## Problem to solve
Reproduce the listing that follows in full. Omit its images.

++++ Information provided ++++

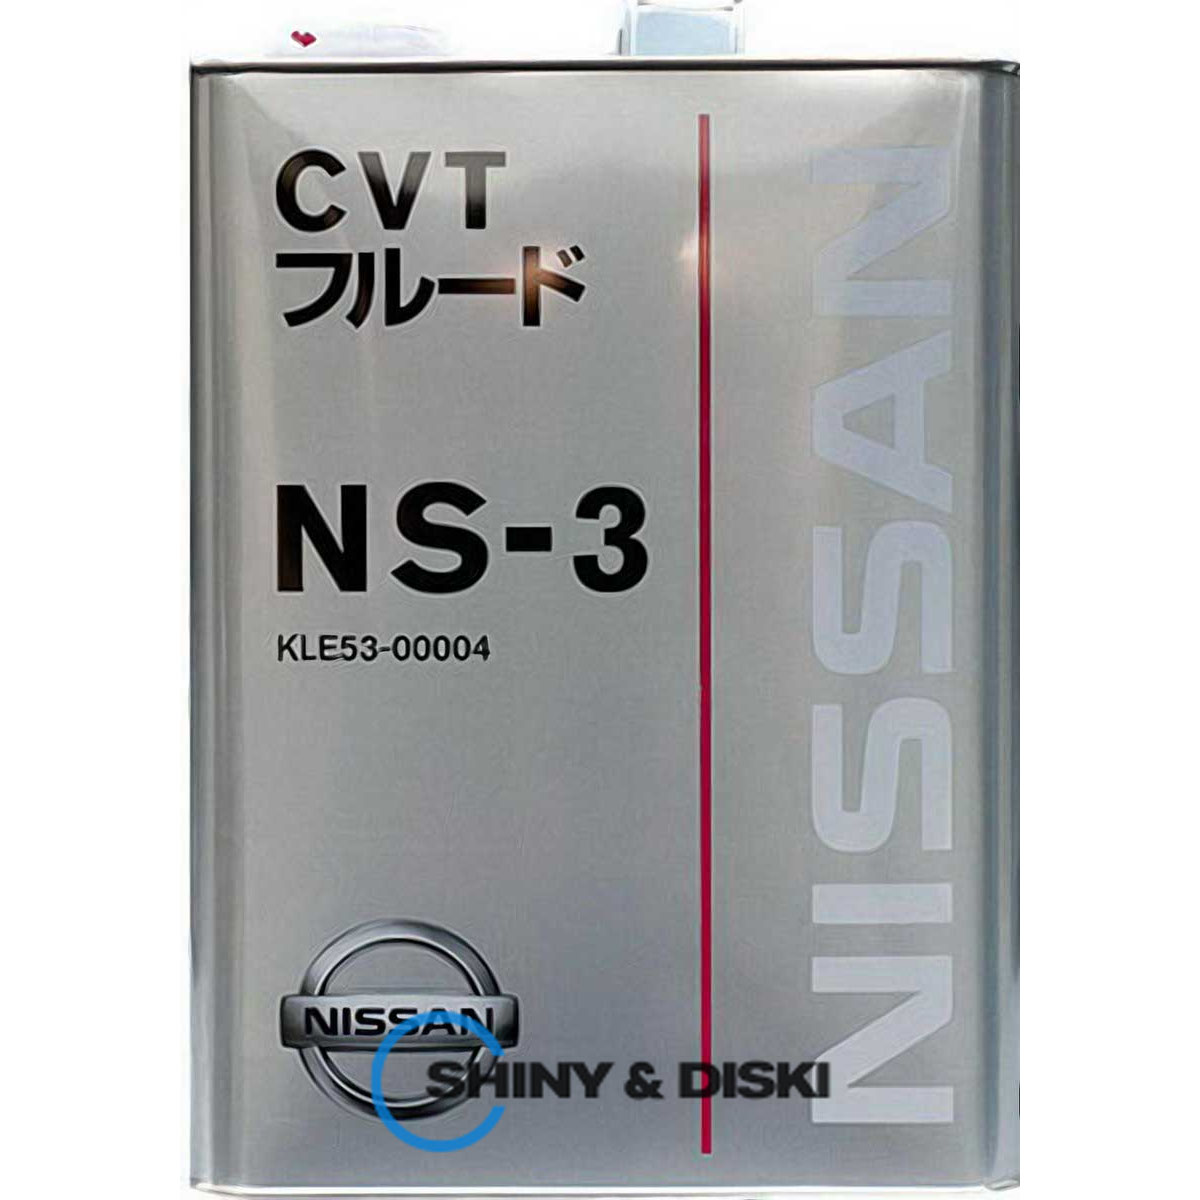 nissan cvt ns-3
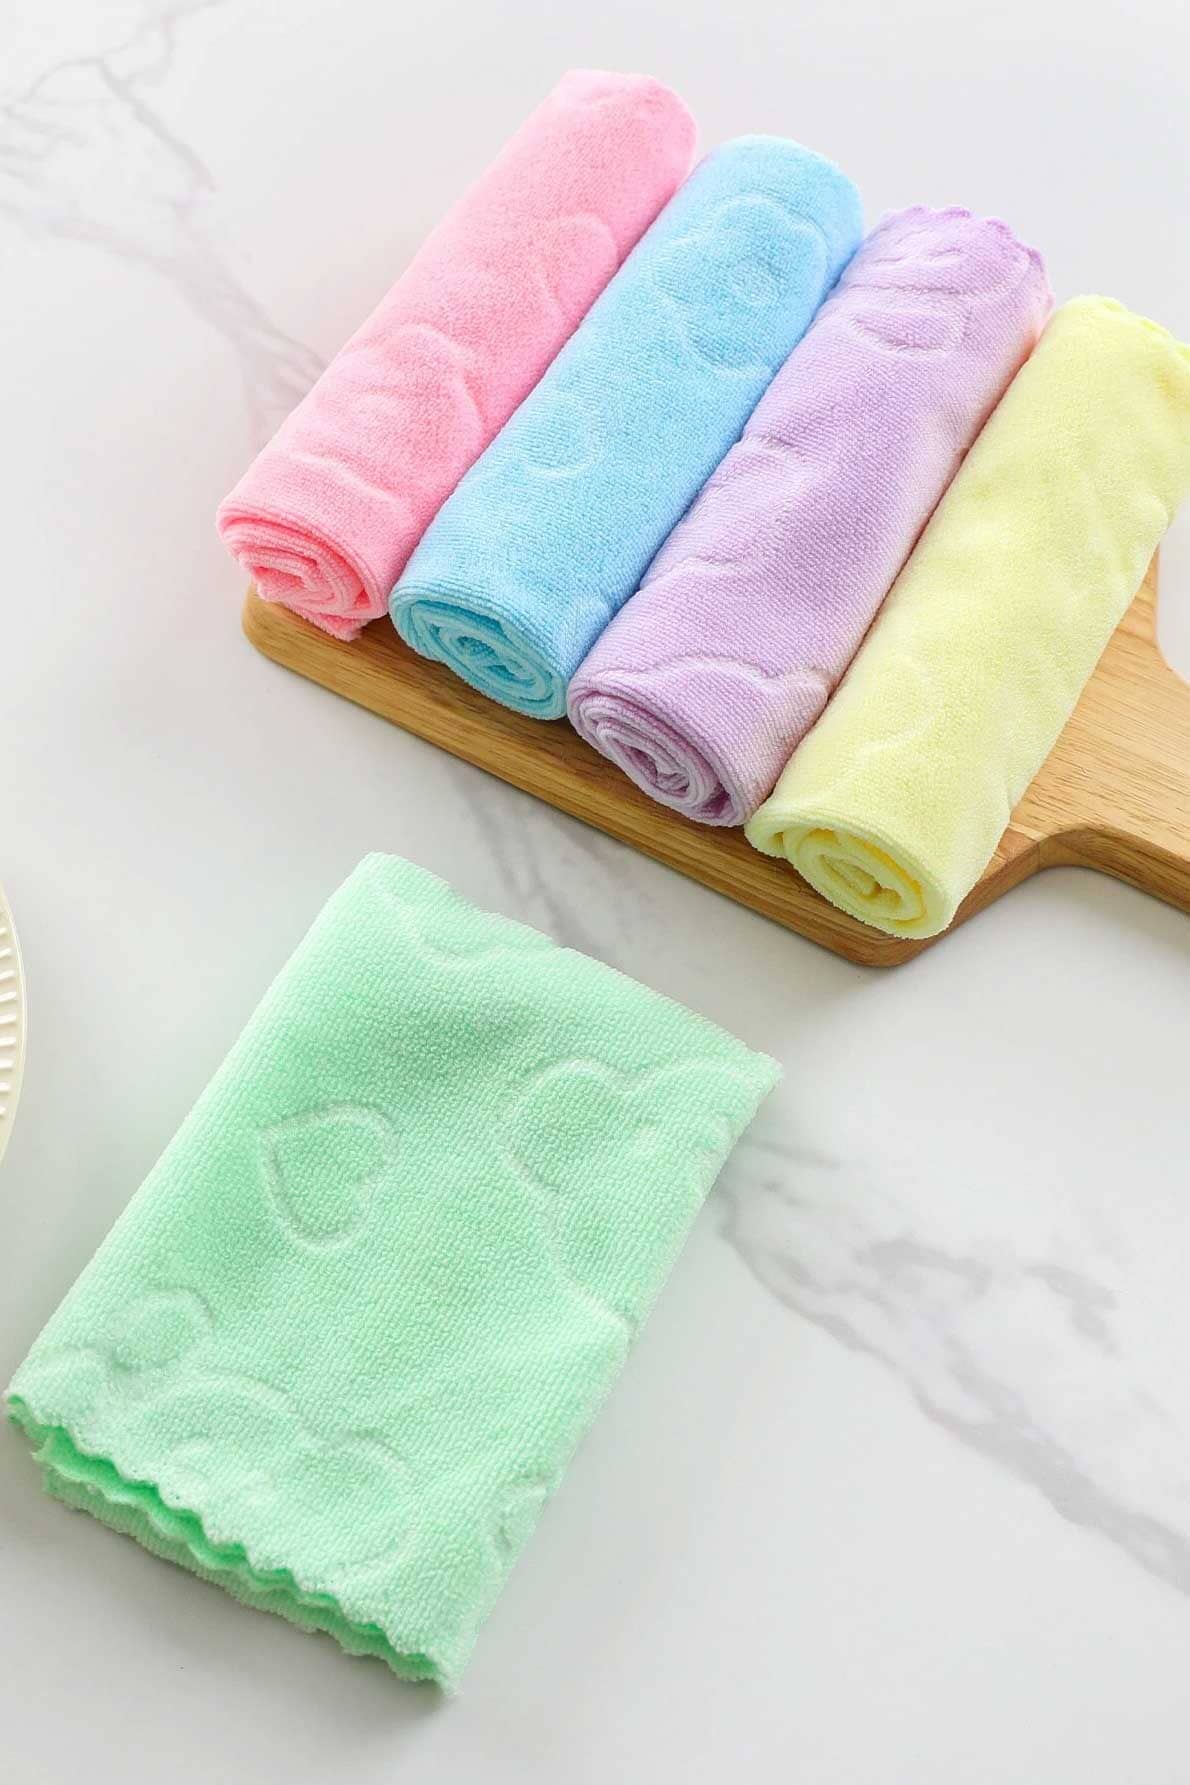 Posadas Mini Hand Towel Set - Pack Of 5
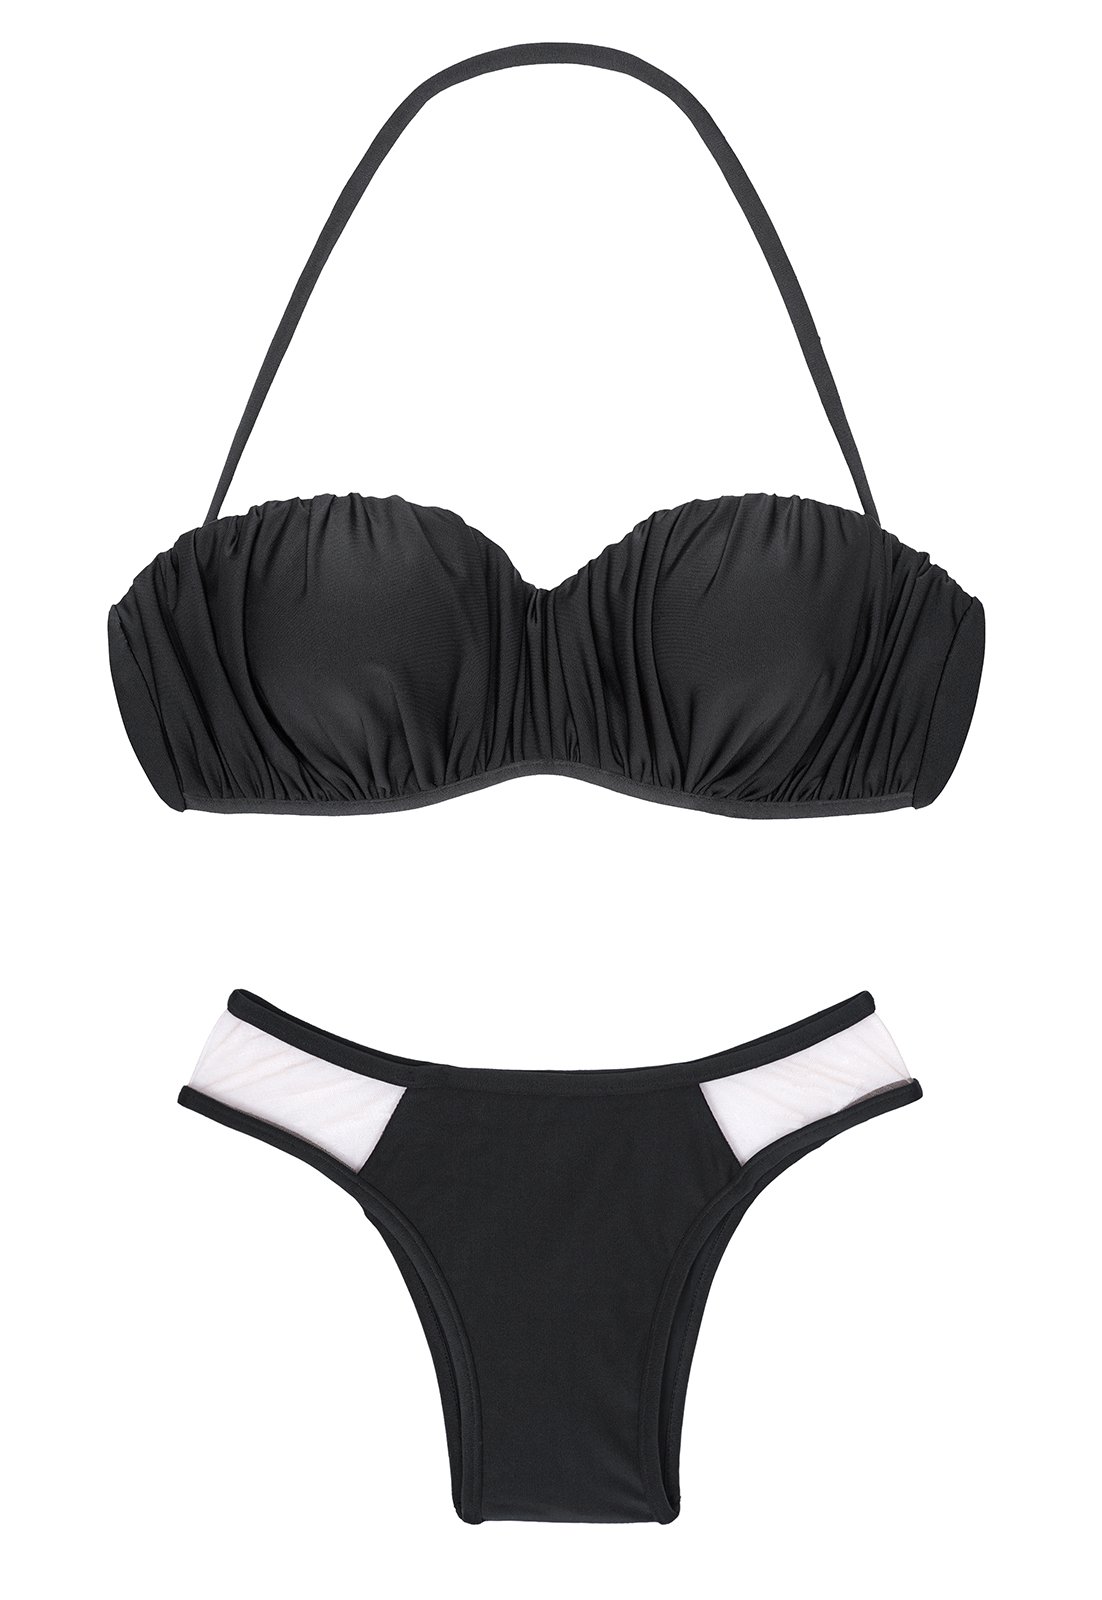 Black Bandeau Bikini, Low-cut Bottom, Bi-material - Poko Tule Preto
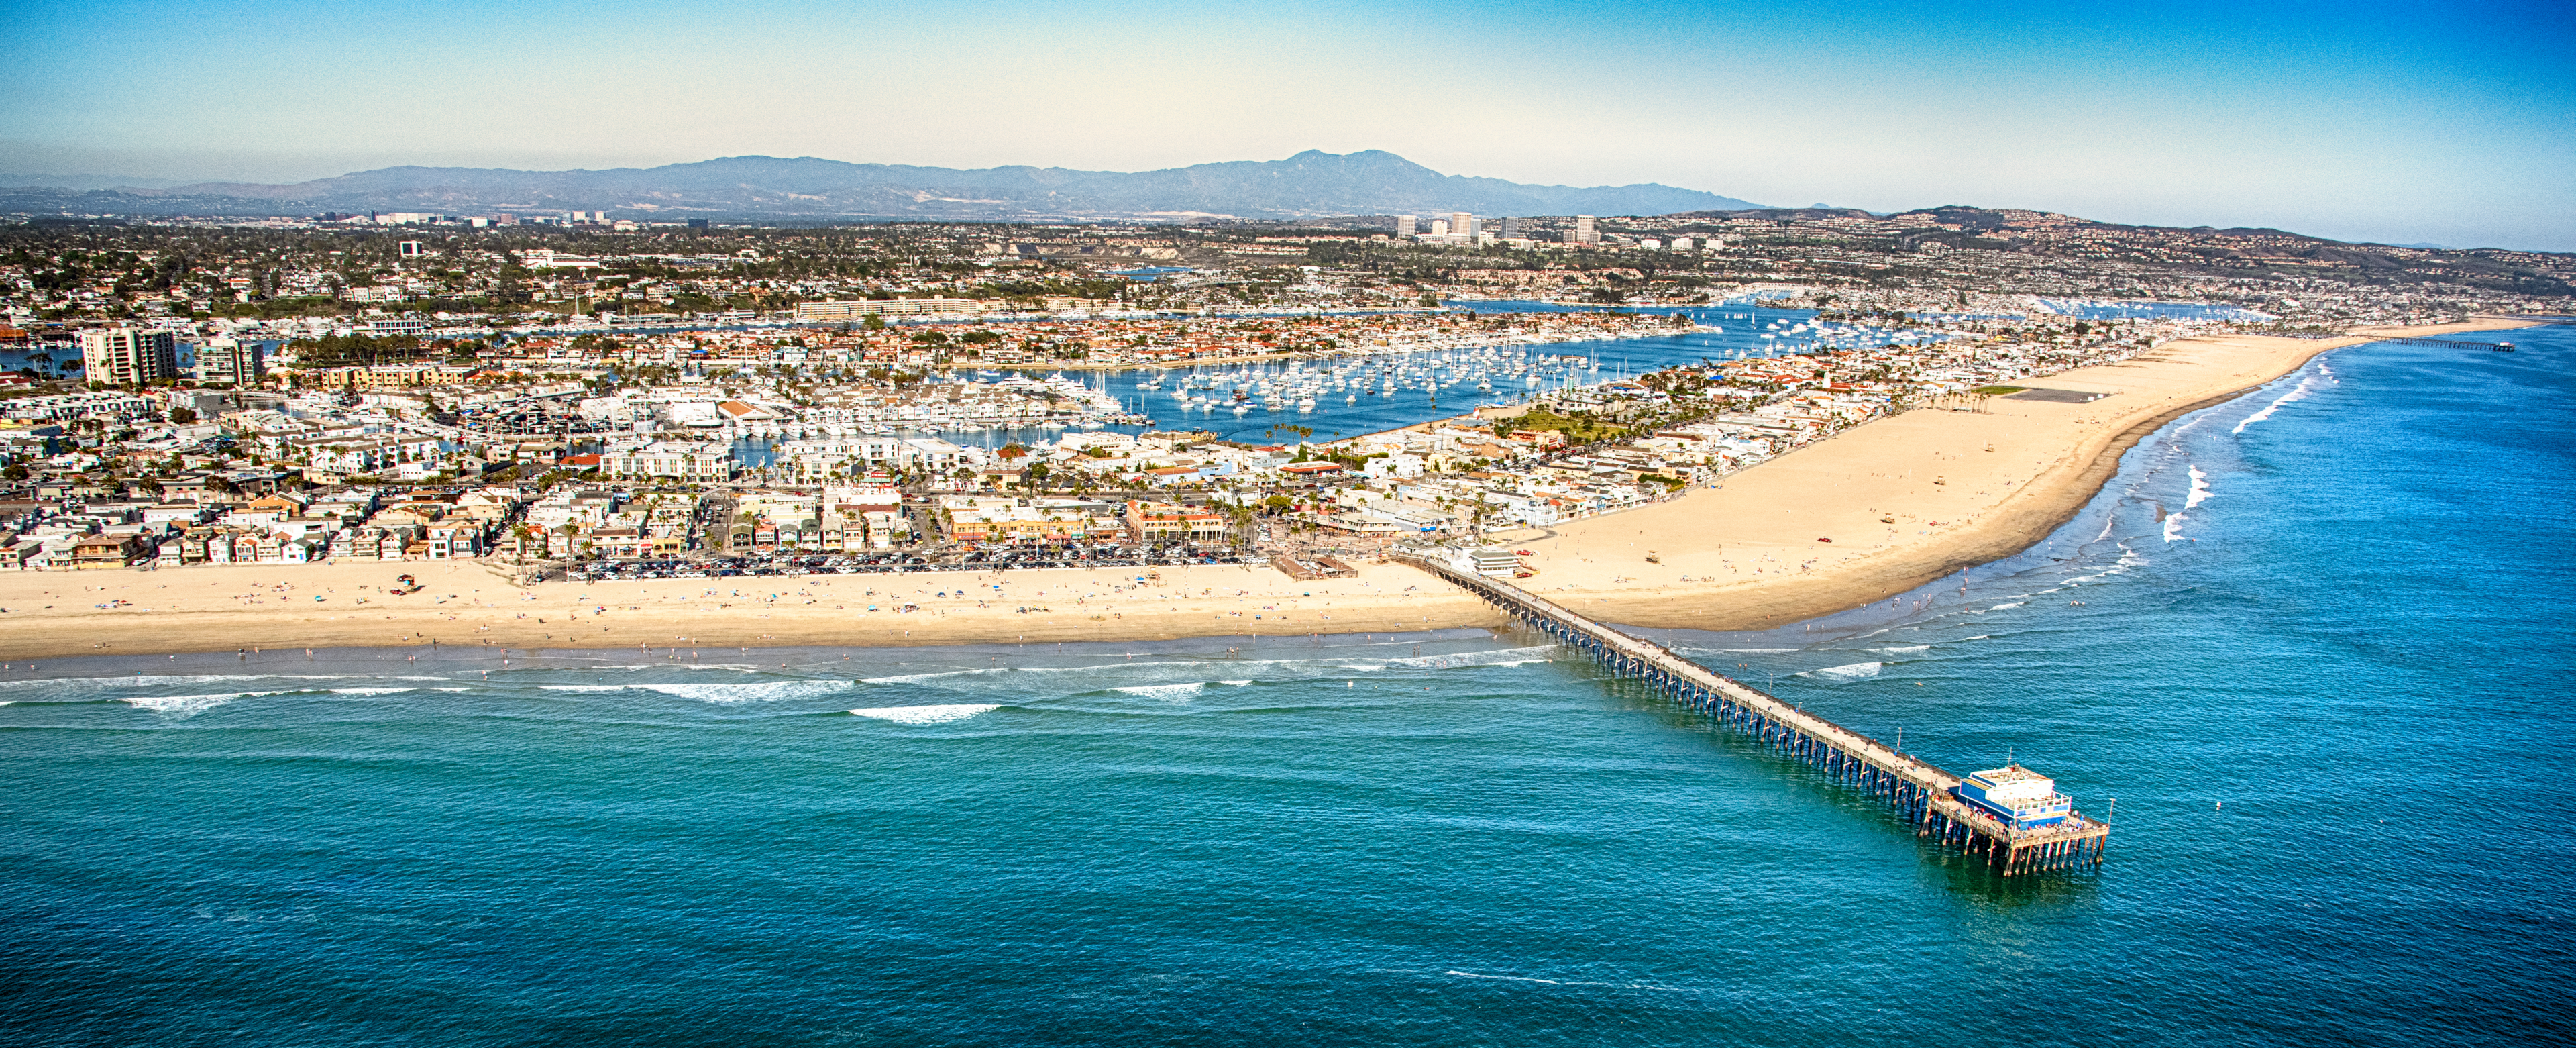 Northern Orange County California city of Newport Beach

++++

## Exercise output
 nissan cvt ns-3
 Posadas Mini Hand Towel Set - Pack Of 5
 Black Bandeau Bikini, Low-cut Bottom, Bi-material - Poko Tule Preto
 Northern Orange County California city of Newport Beach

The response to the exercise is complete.